L’FMI prevede che l’Africa sub-sahariana crescerà del 5,4 per cento quest’anno una cifra davvero impossibile per qualsiasi Paese europeo. «La vecchia categoria di paese in via di sviluppo non ha più senso», ha detto Paul Collier, all’AFP, direttore del Centro di Oxford s per lo Studio delle economie africane. Quando i donatori recentemente congelato aiuti pari al 11 per cento del bilancio Ruanda, il Paese ha recuperato 3,5 miliardi dollari attraverso l’emissione di obbligazioni sovrane. E quindi la recente dichiarazione della Gran Bretagna di tagliare gli aiuti al Sud Africa va in questa direzione.

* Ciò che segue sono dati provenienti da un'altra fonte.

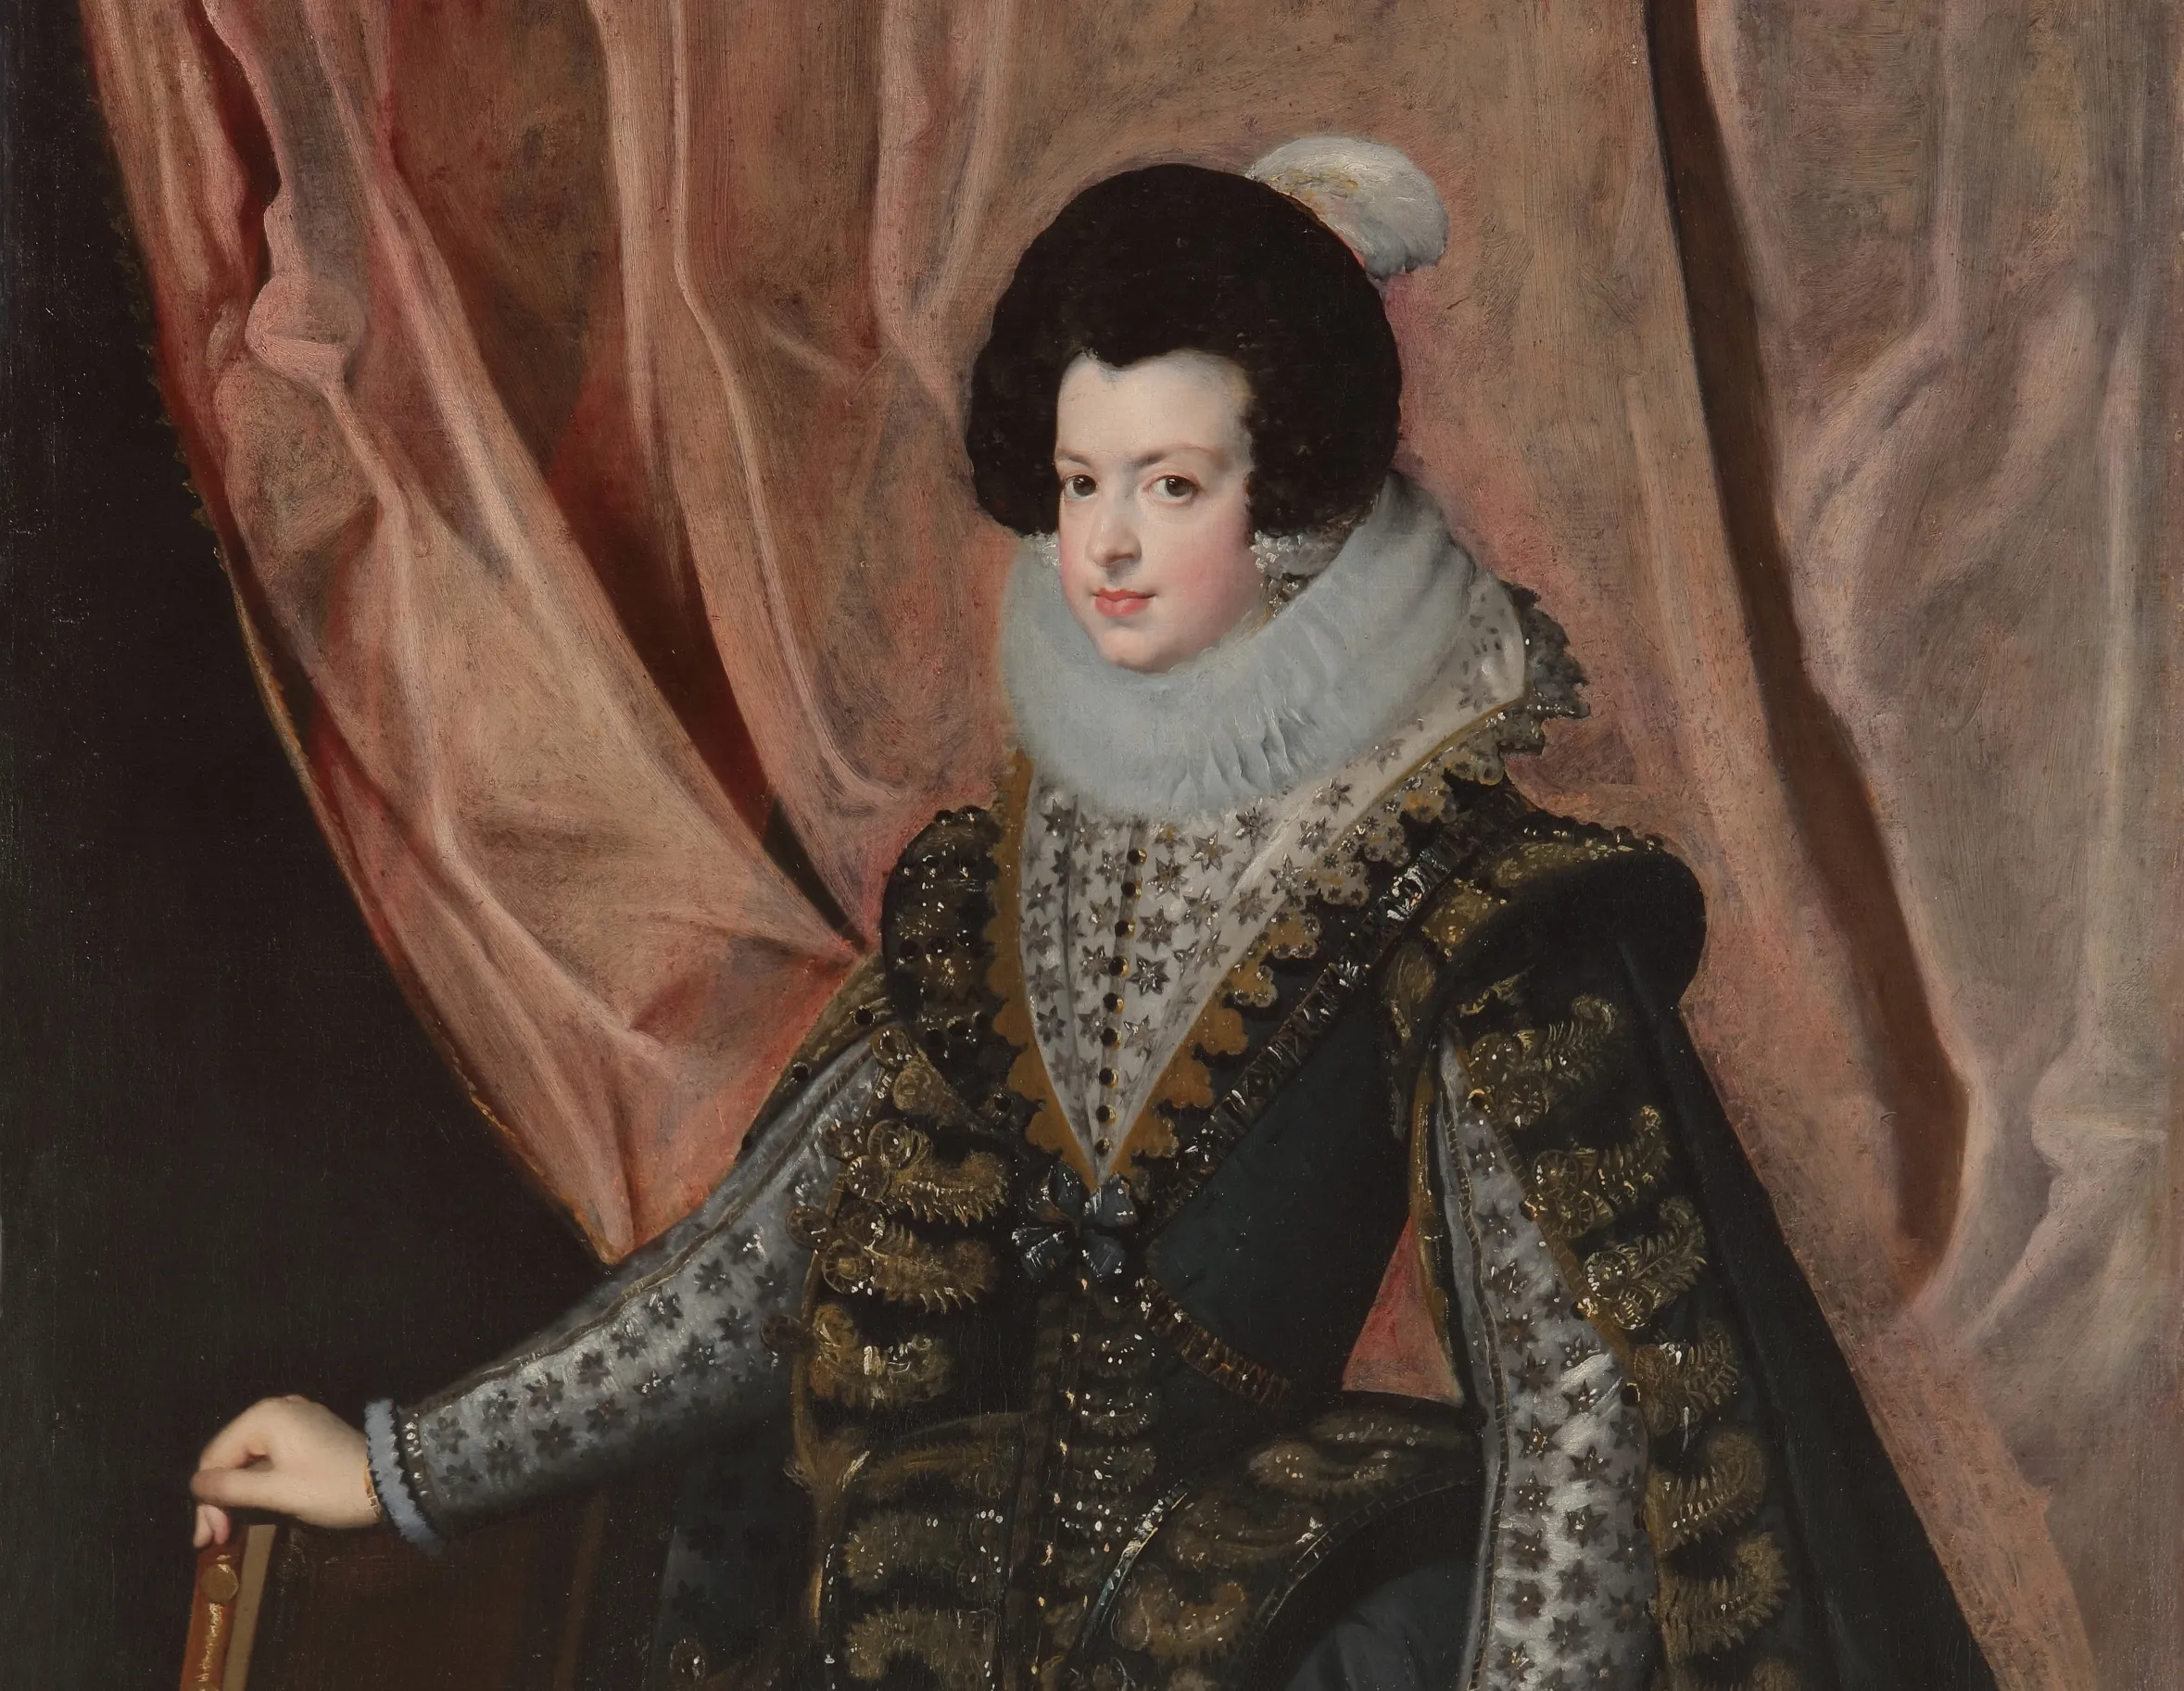 A Royal Portrait by Diego Velázquez Heads to Auction for the First Time in Half a Century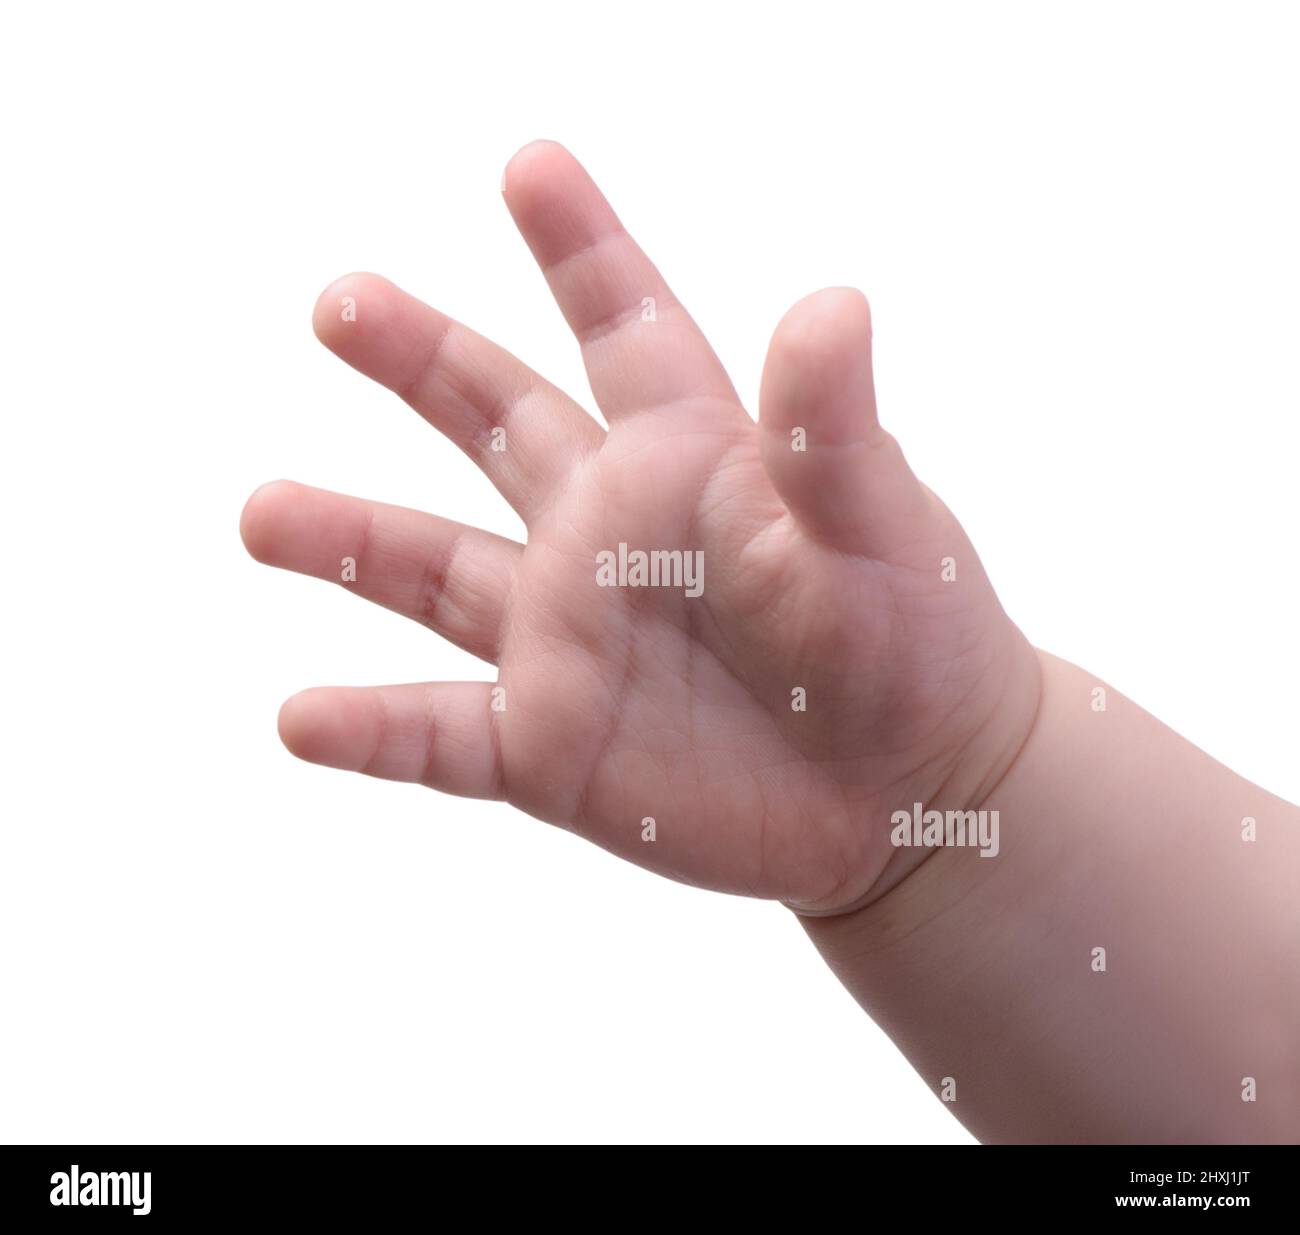 Small baby hand isolated on white background Stock Photo

Sostanzialmente secondo i Paesi industrializzati l’Africa dovrebbe essere in grado di reggersi sulle sue gambe. Alcune regioni africane più che di sostegno economico hanno bisogno di know how e formazione. Ed è quello che l’Europa farà per i cosiddetti Paesi in via di Sviluppo. 

Ma non tutti Paesi dell’Africa crescono allo stesso modo, e dietro allo sviluppo del Ruanda va registrata la povertà la 72% dello Zimbabwe, Paese ricco di oro, argento, nichel e altri minerali. Potenzialmente dunque molto ricco ma di fatto con una popolazione povera. L’Occidente sta portando in Africa i sistemi finanziari, bancari, venture capital, e si aspetta che l’Africa dia il la alle privatizzazioni per poter dare lavoro sia localmente che ai grandi gruppi industriali. 

L’unico rubinetto ancora aperto verso l’africa è quello degli aiuti umanitari, eventi come la primavera araba o il terremoto di Haiti nel 2010 hanno dimostrato che non si possono tagliare gli aiuti umanitari.